Care Giver Burden of Persons with Mental Illness
Care giving for a person with psychiatric illness is quite different from care giving for a person with physical illness. Psychiatric illness has a multidimensional presentation extending much beyond the emotional and mental schemas. It is not just the longevity but the lack of insight and acceptance on the part of patient and family, the stigma and fear attached along with taking care of much more complex emotional needs, other direct and indirect physical needs, relatively anxiety producing social needs amongst many other said and unsaid needs of the patient that gradually lead to caregiver burden amounting not just to stress or burnout but syndromal depression and anxiety in the caregiver itself.
The major concern though is not just the presence of such, but the total ignorance, non acceptance and unimportance of this significant entity. Multiple studies, both national and international have repeatedly found a higher prevalence of depression and anxiety in caregivers of persons with mental illness vis a vis caregivers of patients with physical illness. Howsoever, it has never received due importance in the management plan of patients illness itself. It is quite easy to fathom the relationship of caregiver depression and anxiety with the patients prognosis. Whether it is an overtly anxious mother spilling her anxiety onto a young psychotic daughter, or a middle aged wife coping with her husband’s depression after a loss in business by taking care of children, family, finances whilst ignoring her own fears, anxieties and insomnia or the parents of an aggressive, violent, drug abuser son….it is all too evident to see and feel the need for addressing these complaints of the caregivers.
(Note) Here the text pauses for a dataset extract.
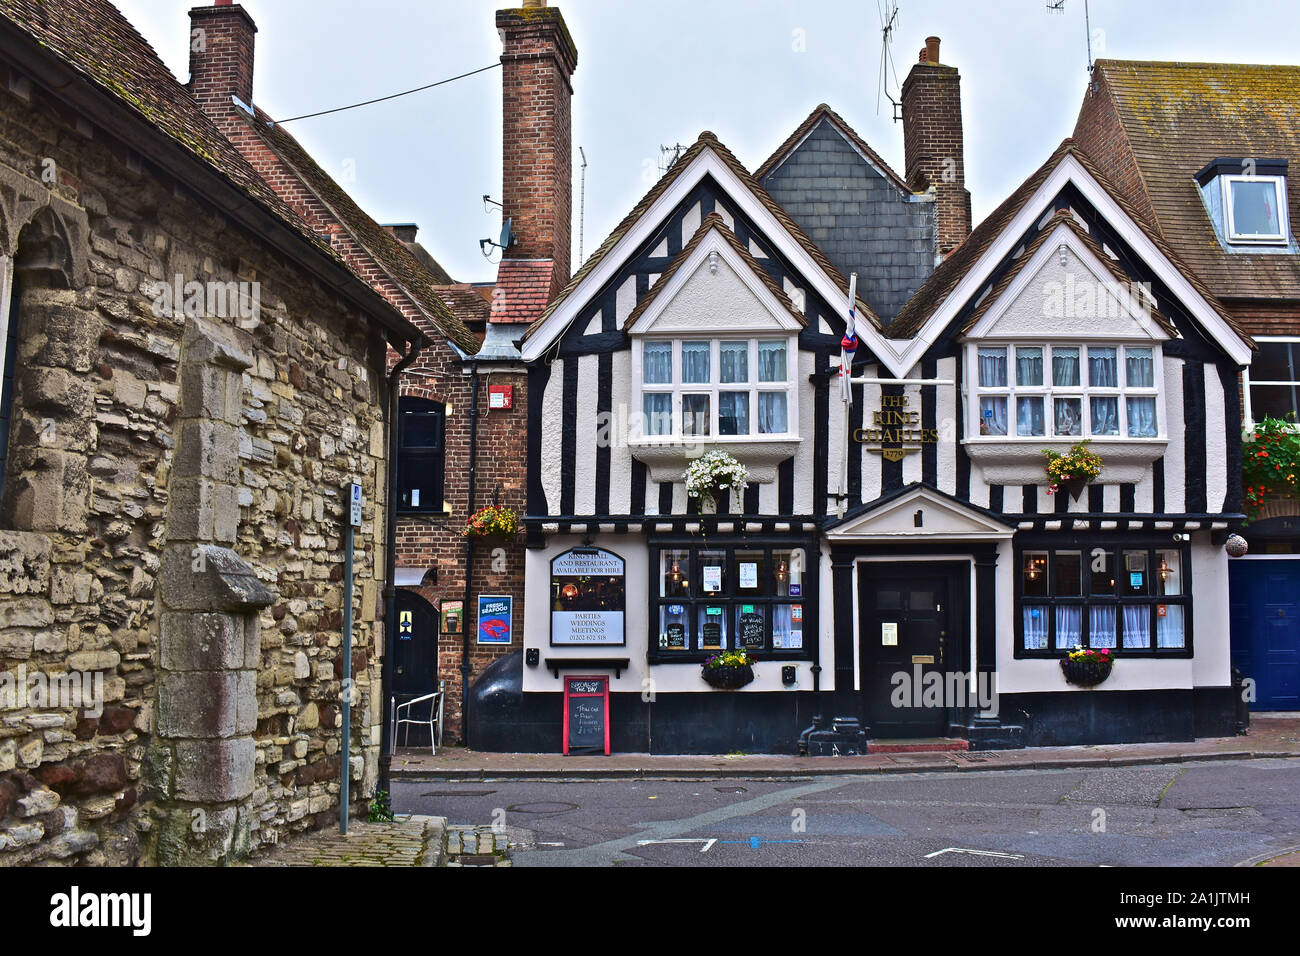 The King Charles public house the old town, dates back to 1770. A traditional English pub selling food & drink, it is also reputedly haunted. Stock Photo

Most of the times, these needs are not addressed as the caregivers themselves ignore their complaints and sweep them “under the carpet” for the need to focus on the patient without realizing that this would directly affect their caretaking abilities by making them feel irritable, anxious, weak, tired, lethargic and finally worsening the already challenging situation. At other times, the family and loved ones too ignore this by deciding to work more upon the patient than the caretaker. Sometimes, even when the caregiver does reach a psychiatrist, it is mostly about medication but the equally important task of learning adaptive coping skills, stress management and regular counseling is not attended to. The caregivers need a significant amount of social support and understanding to tide over their difficulties.
Hence it becomes the onus of each and everyone involved, the patient, the family, the caregiver and the treating doctor to identify and address this important entity called the caregiver burden.